This introduction sets out the conceptual, historical and literary-critical foundations on which this book is built. It begins by exploring some of the conceptual approaches to the study of collective memory. It focuses in particular on cultural memory and the influential role of fictional texts. It then examines the fraught historical legacies of the Second World War and evaluates Henry Rousso's pioneering model of the evolutions in French memories of the Second World War, the ‘Vichy syndrome’. Lastly, the introduction examines critical approaches to the study of popular culture. It investigates the narrative template of crime fiction and identifies the specific contribution crime fiction can make to our understanding of the wartime past.
This chapter examines representations of the Resistance in early post-war French crime fiction. It begins by setting out the main features of the resistance epic so prevalent in France in the late 1940s and early 1950s and how this ideal came to be embodied in the figure of the male resistance fighter. The chapter then examines narratives that contested such a vision of wartime heroism, focusing on the French roman noir. Finally, the chapter explores representations of resistance in the work of three French roman noir writers of this period, André Héléna, Léo Malet and Gilles Morris, all of whom presented resistance in a different light to the official discourse of national bravery and sacrifice. Their work reflects the mismatch between the Resistance as myth and the multiple histories and experiences of resisters as individuals.

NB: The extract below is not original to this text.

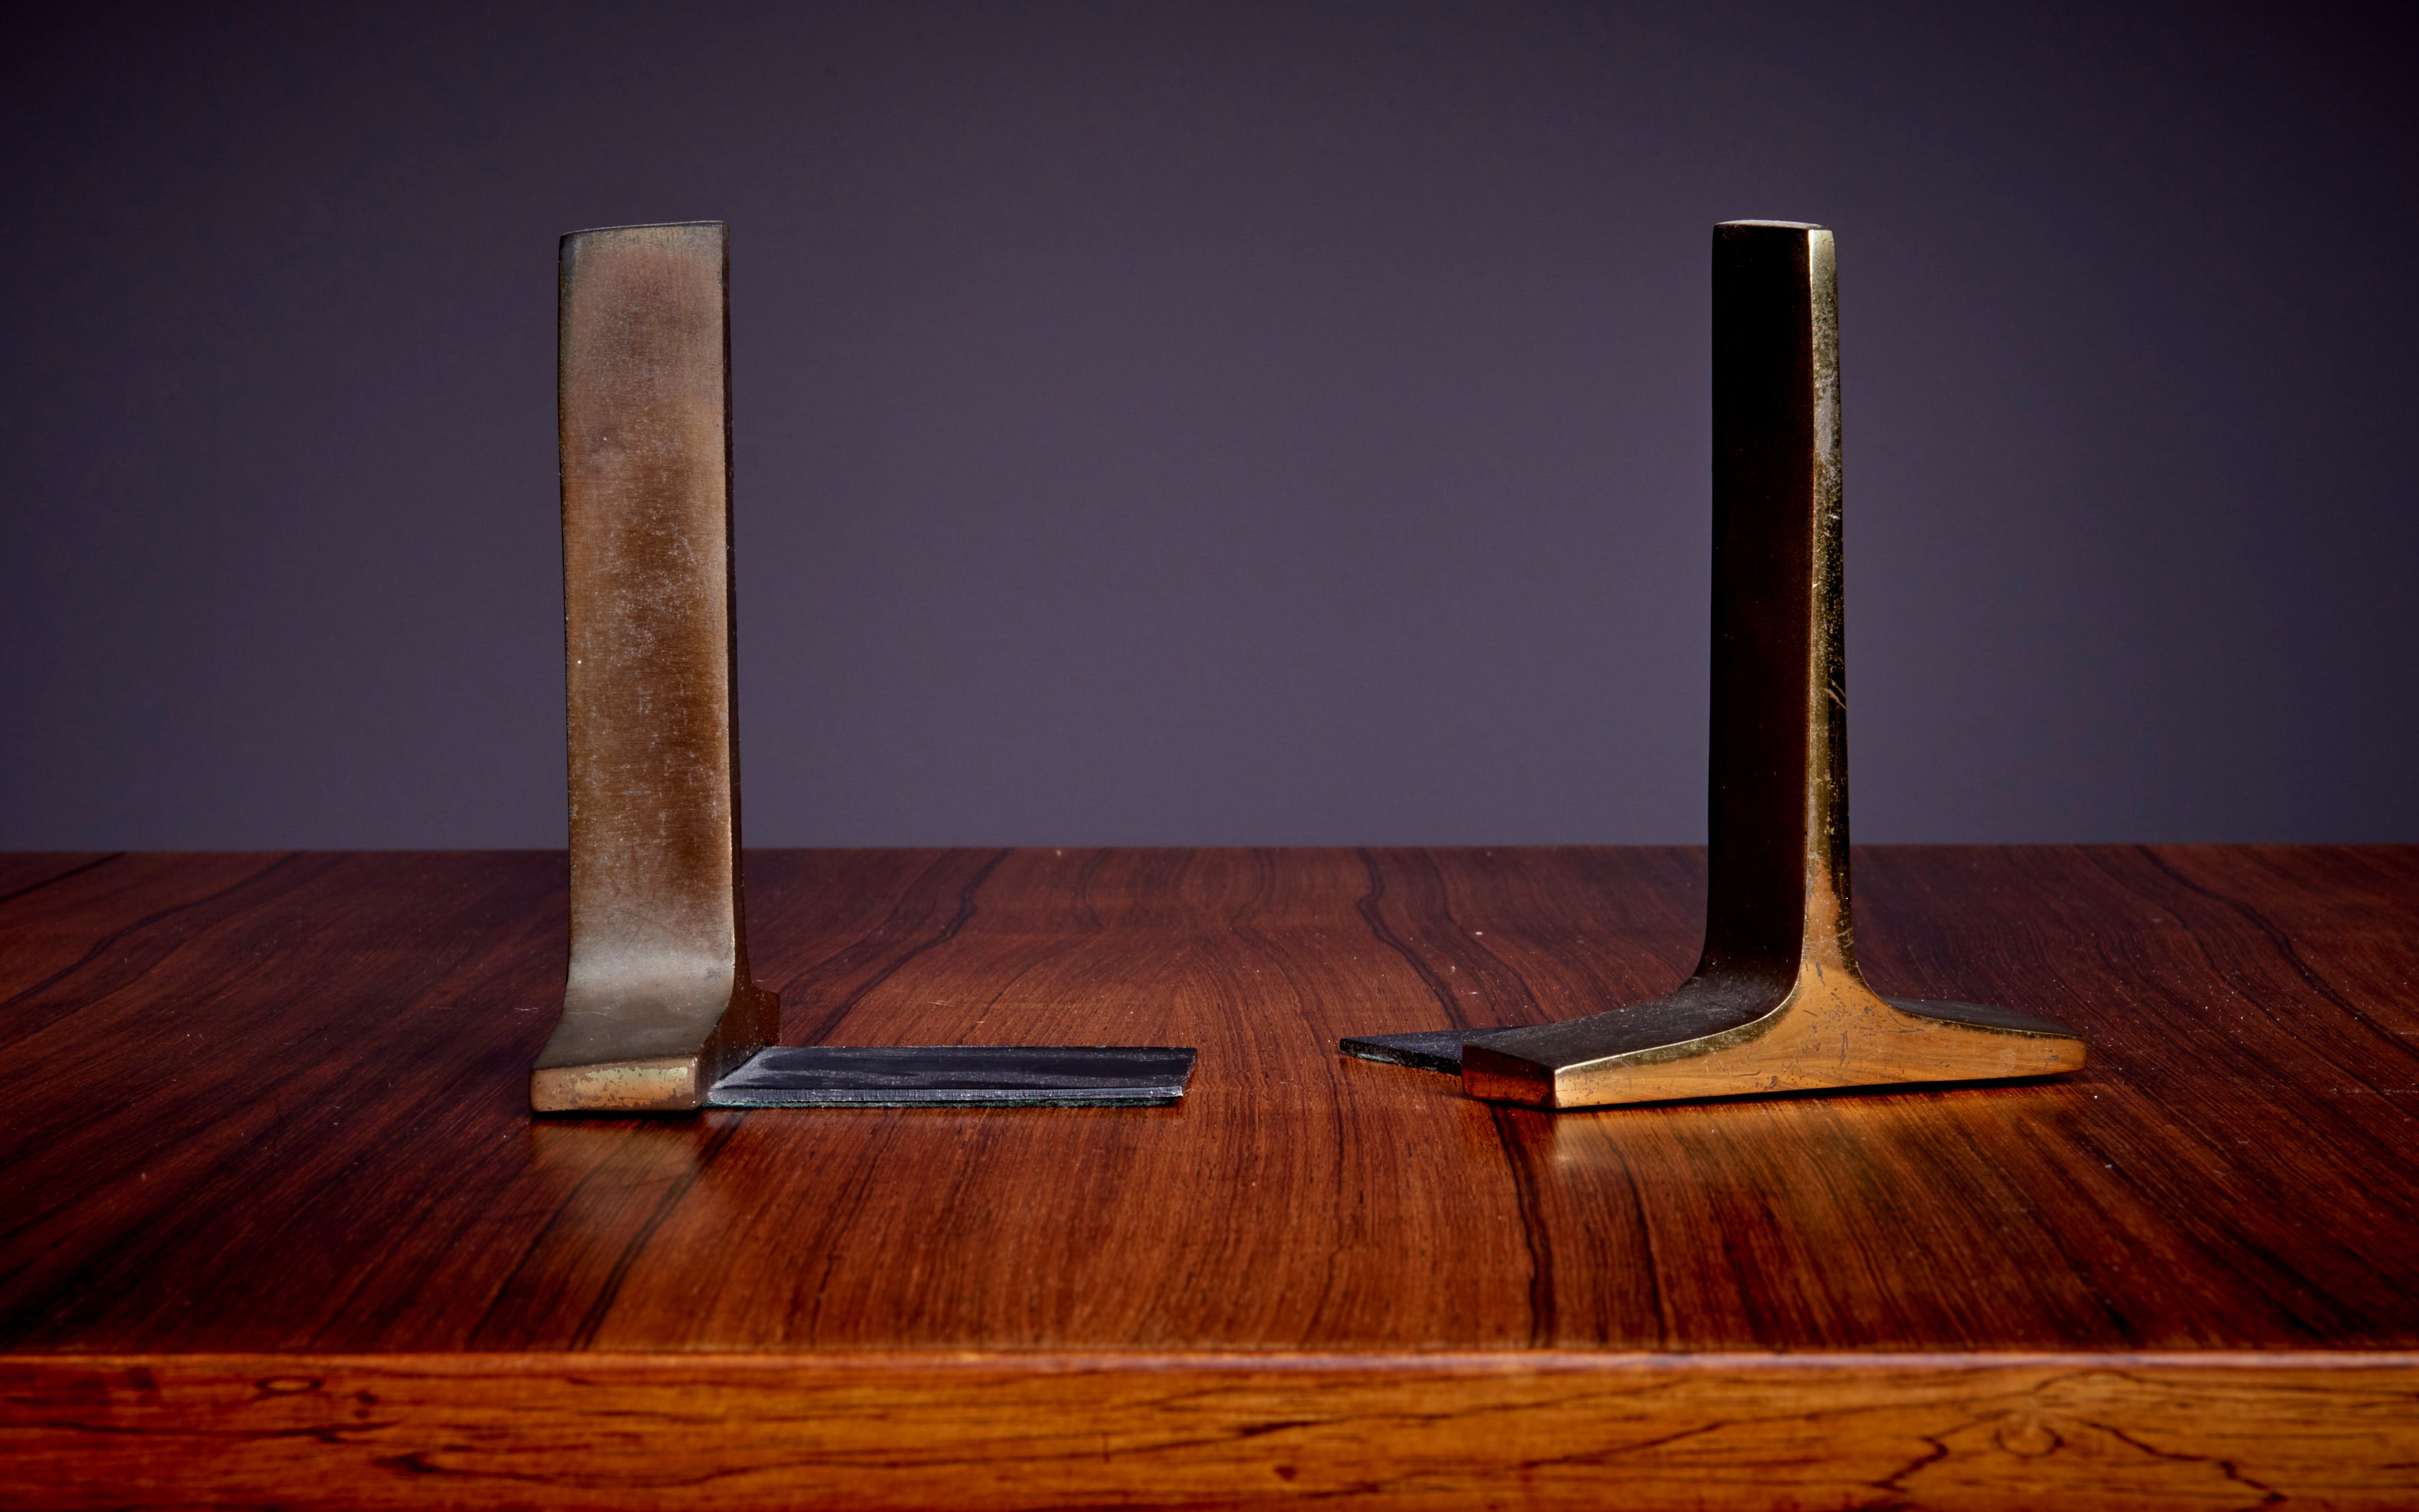 Modernist bronze bookends by Ben Seibel in good condition. Ben Seibel (1918-1985) was an American industrial designer who worked primarily in the mid-20th century. He was known for his versatile and prolific design output, which included a wide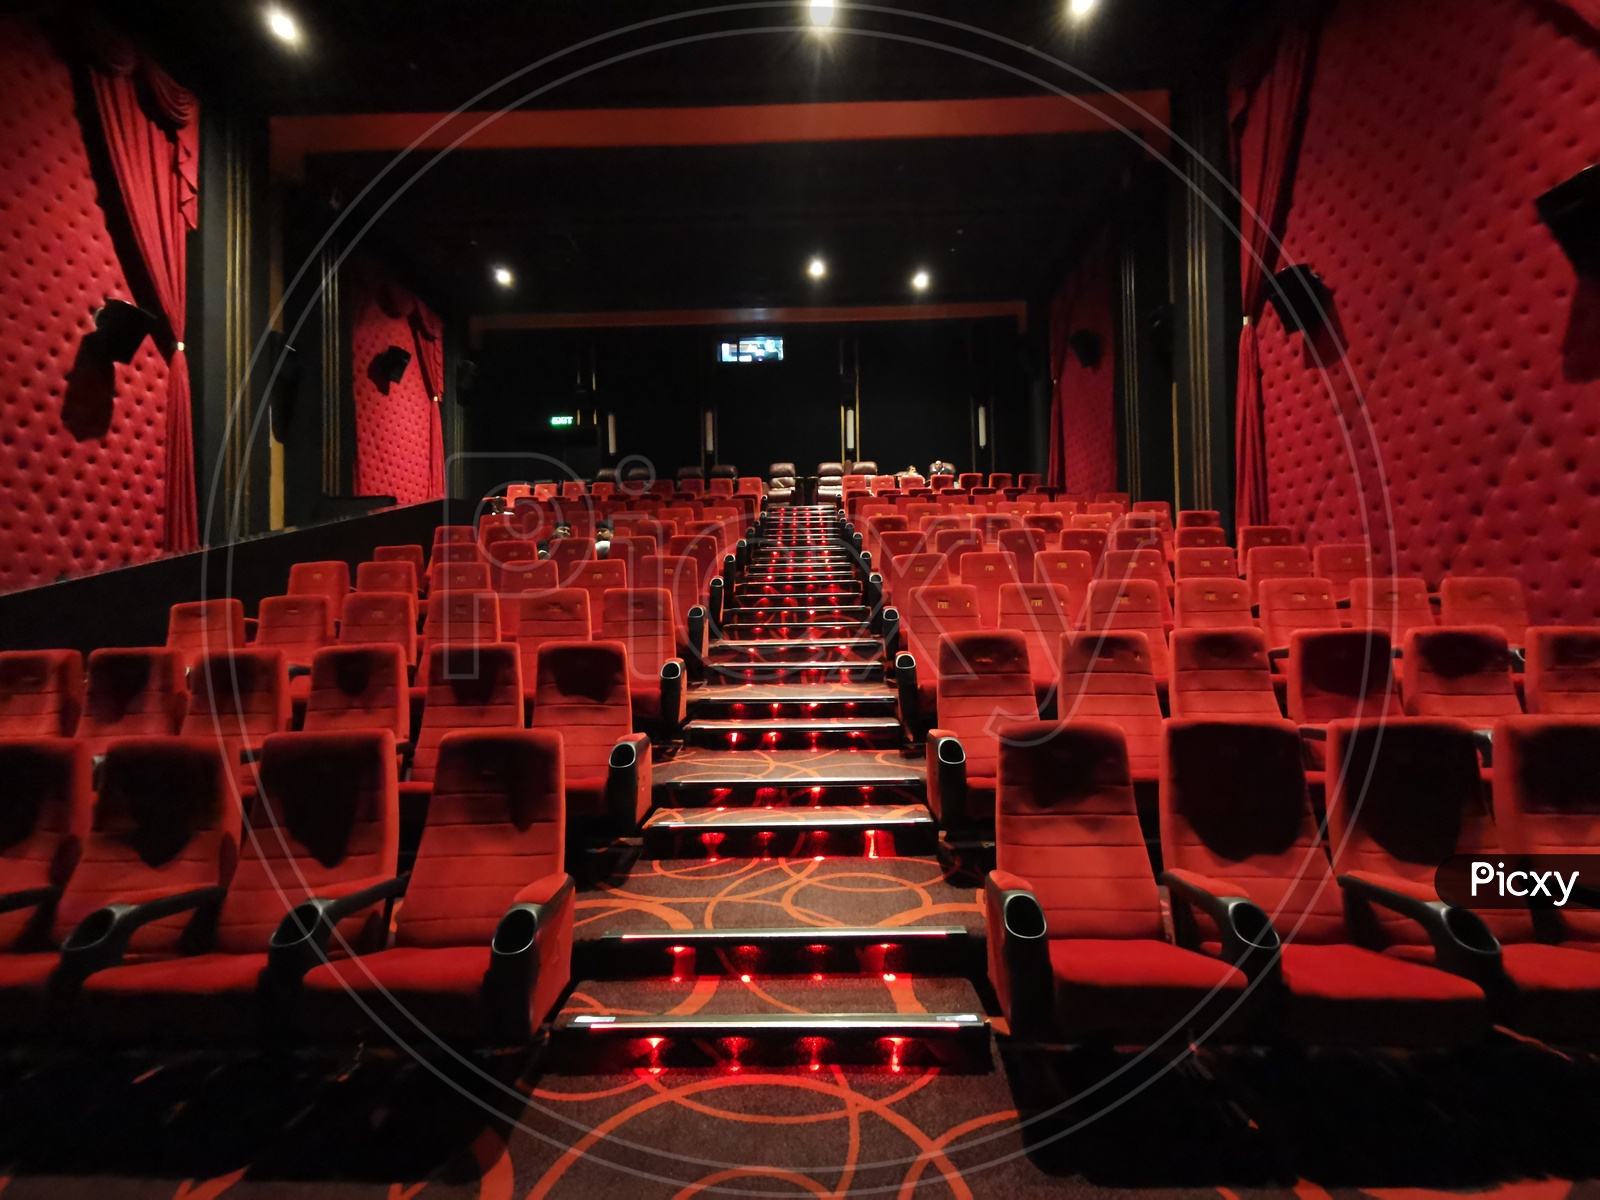 Empty Movie Theater Auditorium With Red Seats in Rows

This chapter explores representations of Jewish wartime persecution and extermination in novels by Léo Malet and Hubert Monteilhet from the late 1950s and early 1960s. It locates such fiction as produced during years when Jewish wartime experiences were largely unrecognised in France. However, it argues that the revelation of crimes against the Jewish community in these novels activates complex processes of disclosure and disavowal of French anti-Semitic persecution. The chapter contends that such popular crime fiction can be read as part of an emerging reflection on French wartime guilt and complicity at a time of apparent forgetting.
This chapter discusses representations of collaboration in French crime fiction of the 1980s. It begins by reviewing cultural stereotypes of collaboration in early post-war fiction and philosophy, such as Jean-Paul Sartre's essay ‘Qu’est-ce qu’un collaborateur?’ It then analyses revisionist readings of collaboration proposed by American and French historians of the 1970s and 1980s before examining the work of three crime novelists: Didier Daeninckx, Jean Mazarin and George-Jean Arnaud. Their work demonstrates the extent to which crime fiction has popularised historical reassessments of the past and how, in the narrative template of crime fiction, such reassessments gain a heightened emotional and ethical charge.
This chapter analyses representations of wartime persecution and extermination in the work of three French crime writers from the 1980s and 1990s. It begins by setting out the context for the reappraisal of Jewish memories of the Second World War in France during these years, above all the trials for crimes against humanity which reignited public debate on the extent of French state collusion in the Holocaust. It then discusses novels by Gérard Delteil, Thierry Jonquet and Konop. The chapter investigates how each crime novelist grapples with the moral dilemma of representing the concentration camps in fiction just as the survivor generation begins to disappear.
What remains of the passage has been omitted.